Abstract

Multi-contrast magnetic resonance imaging (MRI) is widely used in clinical diagnosis. However, it is time-consuming to obtain MR data of multi-contrasts and the long scanning time may bring unexpected physiological motion artifacts. To obtain MR images of higher quality within limited acquisition time, we propose an effective model to reconstruct images from under-sampled k-space data of one contrast by utilizing another fully-sampled contrast of the same anatomy. Specifically, multiple contrasts from the same anatomical section exhibit similar structures. Enlightened by the fact that co-support of an image provides an appropriate characterization of morphological structures, we develop a similarity regularization of the co-supports across multi-contrasts.
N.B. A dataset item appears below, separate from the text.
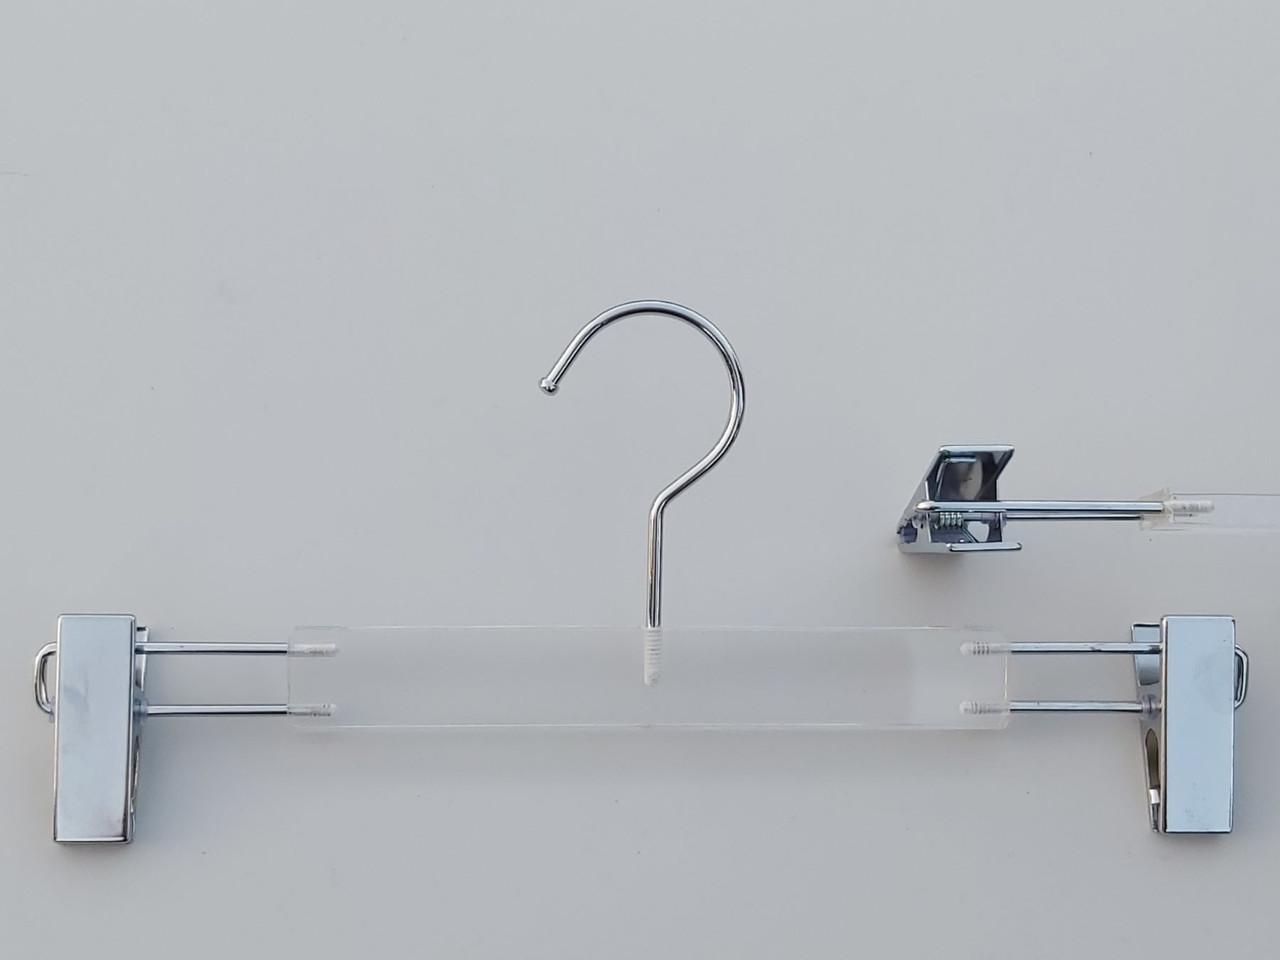 Плічка серія Сristallo для штанів і спідниць акрилові кришталево прозорі, довжина 33 см, Mainetti Group Італія

In this case, the guided MRI reconstruction problem is naturally formulated as a mixed integer optimization model consisting of three terms, the data fidelity of k-space, smoothness-enforcing regularization, and co-support regularization. An effective algorithm is developed to solve this minimization model alternatively. In the numerical experiments, T2-weighted images are used as the guidance to reconstruct T1-weighted/T2-weighted-Fluid-Attenuated Inversion Recovery (T2-FLAIR) images and PD-weighted images are used as the guidance to reconstruct PDFS-weighted images, respectively, from their under-sampled k-space data. The experimental results demonstrate that the proposed model outperforms other state-of-the-art multi-contrast MRI reconstruction methods in terms of both quantitative metrics and visual performance at various sampling ratios.